3. Practical Challenges for Integrated Practices

A. Financial and Administrative Complexity

Establishing a practice that offers both PT and chiropractic while following these guidelines involves navigating a host of administrative, legal, and financial hurdles. It may require:



  • Maintaining separate corporate entities.
  • Hiring or contracting with additional billing specialists who understand No-Fault rules.
  • Coordinating patient schedules to avoid overlapping services on the same date.

B. Regulatory Oversight and Audits

No-Fault insurers frequently audit providers. An integrated practice offering PT and chiropractic can expect more intense scrutiny. Auditors look for:



  • Separate documentation demonstrating distinct necessity for each treatment.
  • Proper referral and prescription protocols.
  • Different treatment dates for the same ICD-10 codes.

C. Liability Concerns

When an office offers multiple modalities, there is a higher risk that billing may inadvertently overlap.
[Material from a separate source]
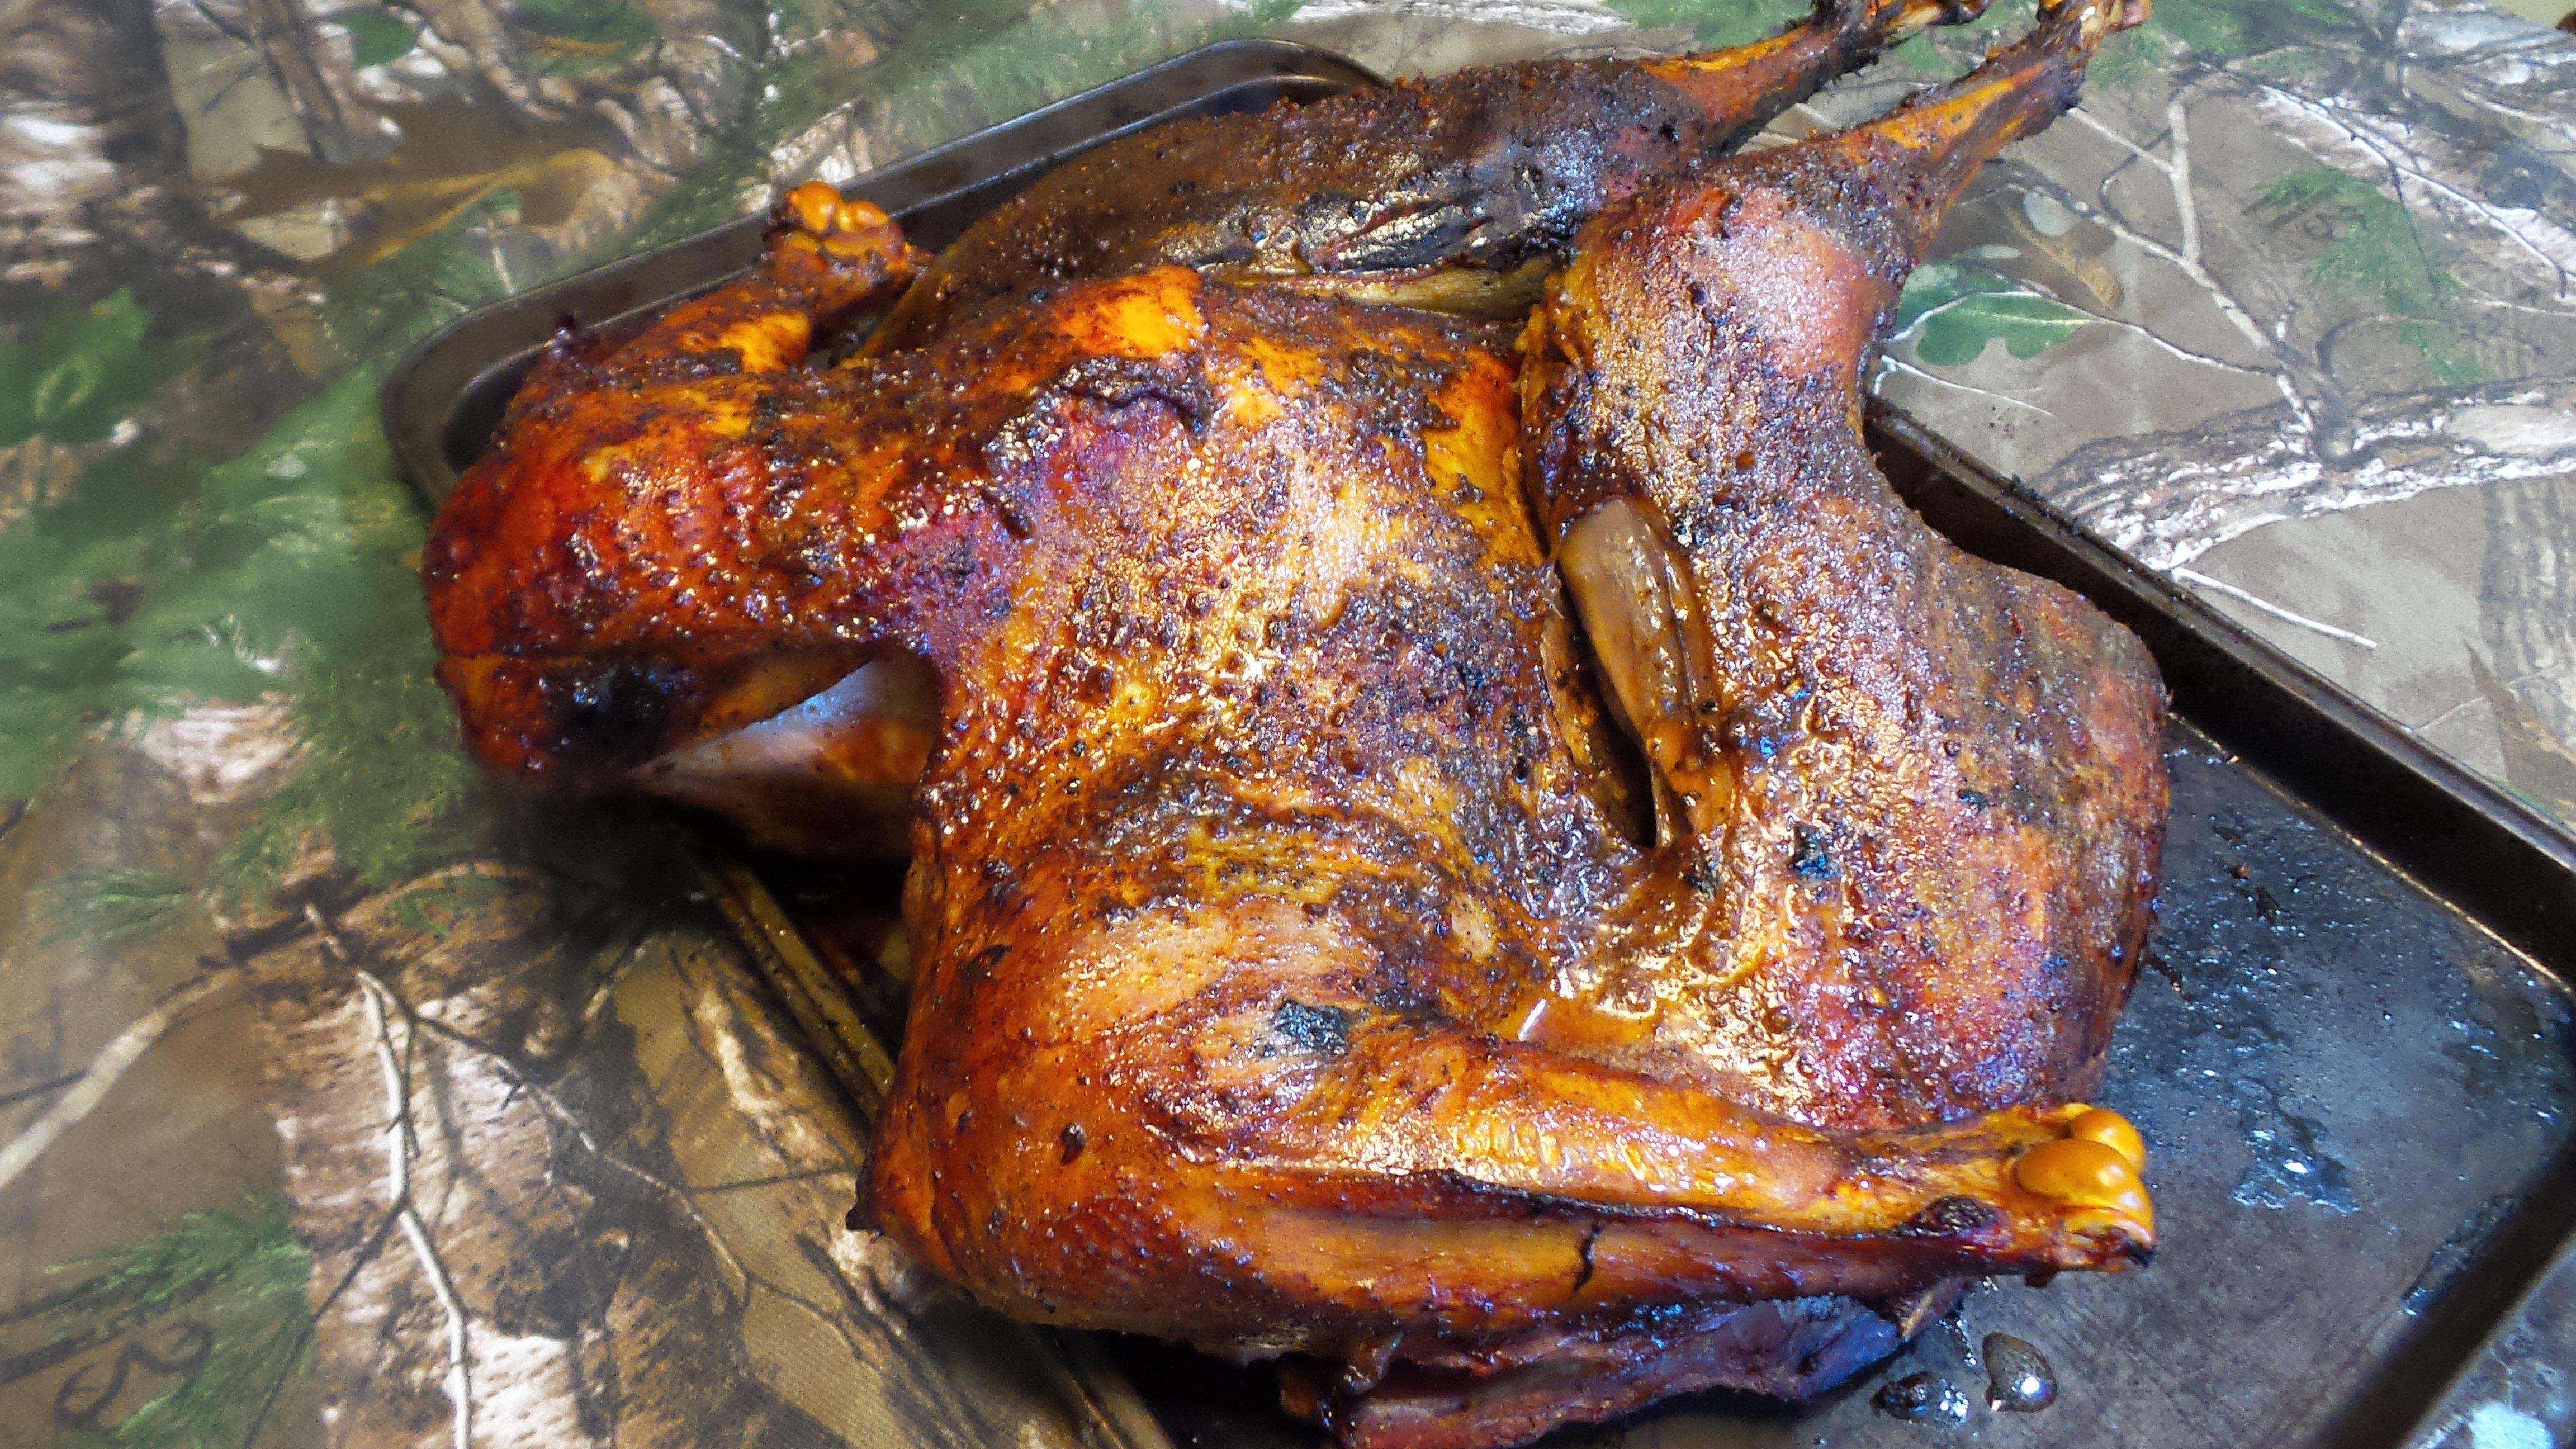 Adding moisture and not overcooking are the secrets to smoking a wild turkey.

Any mistakes might lead to denials, requests for refunds, or even allegations of insurance fraud. For smaller practices, this risk often outweighs the potential benefits of providing both services under one roof.




4. Patient Considerations

Despite the difficulty, patients can absolutely benefit from both physical therapy and chiropractic treatments after a car accident. If each modality is medically necessary and properly documented, the patient can experience:



  • Pain relief from chiropractic adjustments, which can restore spinal alignment and joint mobility.
  • Functional improvement from physical therapy exercises, which can strengthen muscles and improve range of motion.
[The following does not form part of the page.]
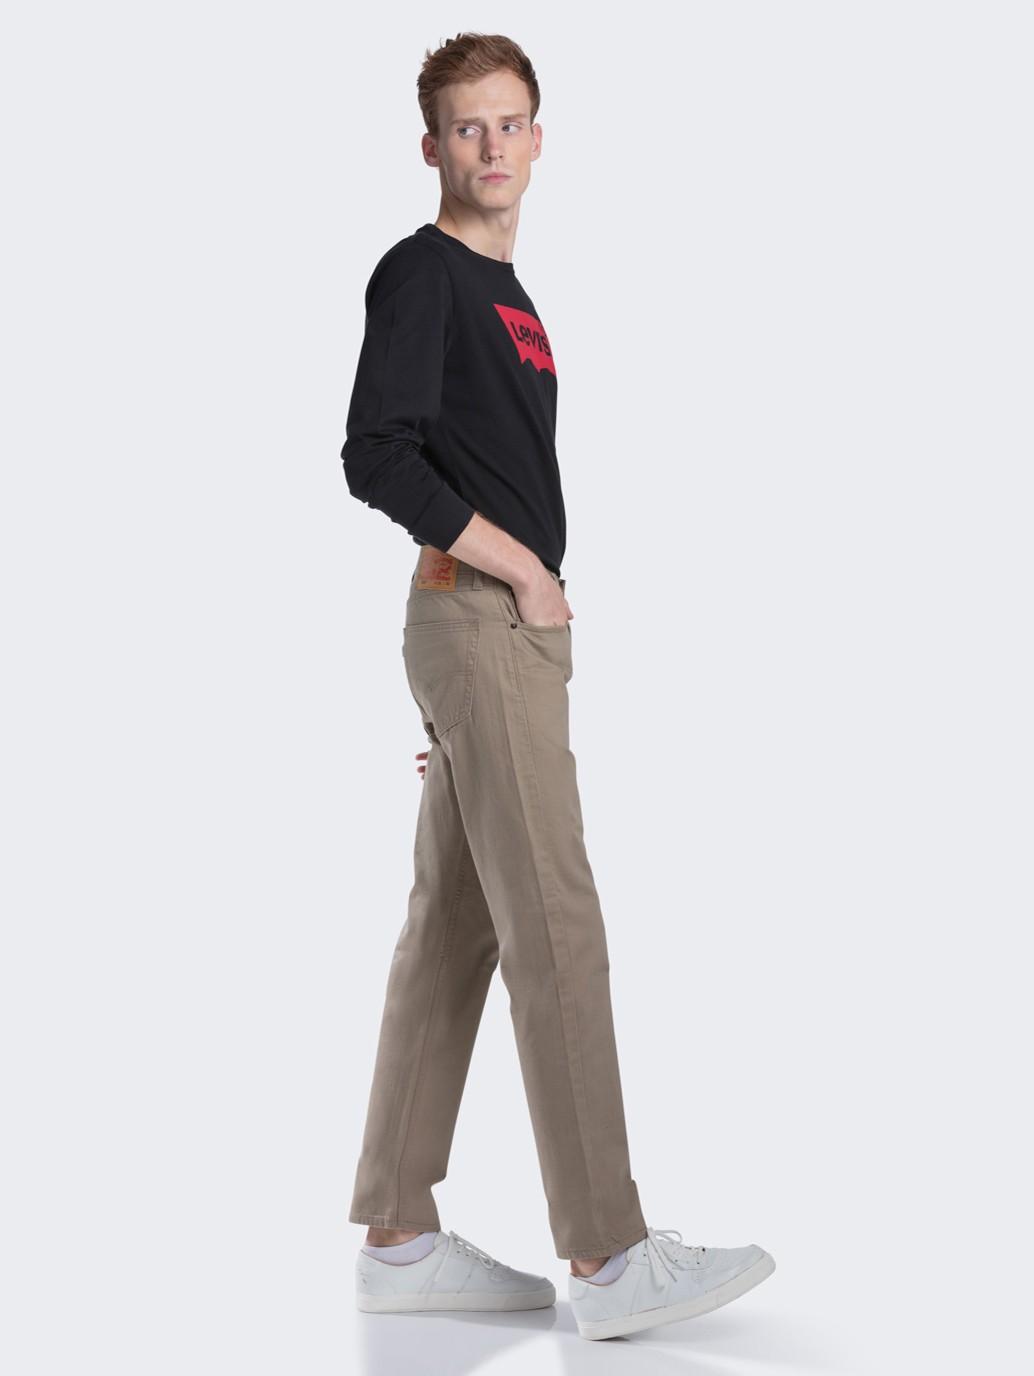 levis malaysia Levis 505 Regular Fit Pants 005050718 03 Side

Key Takeaways for Patients Seeking Both Services Under No-Fault:



  1. Request a referral from your MD or DO explicitly for chiropractic care.
  2. Be prepared to visit two different locations if you can’t find a single integrated practice that meets the compliance requirements.
  3. Verify the chiropractor’s billing process to ensure they operate under a separate PC and have a clear line of communication with your physical therapy provider (if integrated in the same building).
  4. Separate your appointments so PT and chiropractic do not occur on the same day for the same diagnosis.
  5. Keep thorough records of visits, referrals, and any communications with the insurance company to avoid potential claim denials.

Finding a No-Fault physical therapy office that also offers chiropractic services in New York State is challenging primarily due to strict insurance regulations aimed at preventing duplicate billing. Under NYS No-Fault, when the same ICD-10 codes are billed on the same date for the same patient by a single entity, it creates a conflict of interest. Compliance involves ensuring separate referrals, maintaining a distinct professional corporation for chiropractic services, scheduling treatments on different dates, and billing independently.

While this may seem burdensome, these rules protect both patients and providers from billing disputes and help maintain transparency. With proper planning, organization, and compliance with the guidelines outlined above, patients can indeed receive the benefits of both physical therapy and chiropractic care under No-Fault—just be aware that finding a fully integrated practice can be difficult due to the complexity and cost involved in meeting these stringent regulations.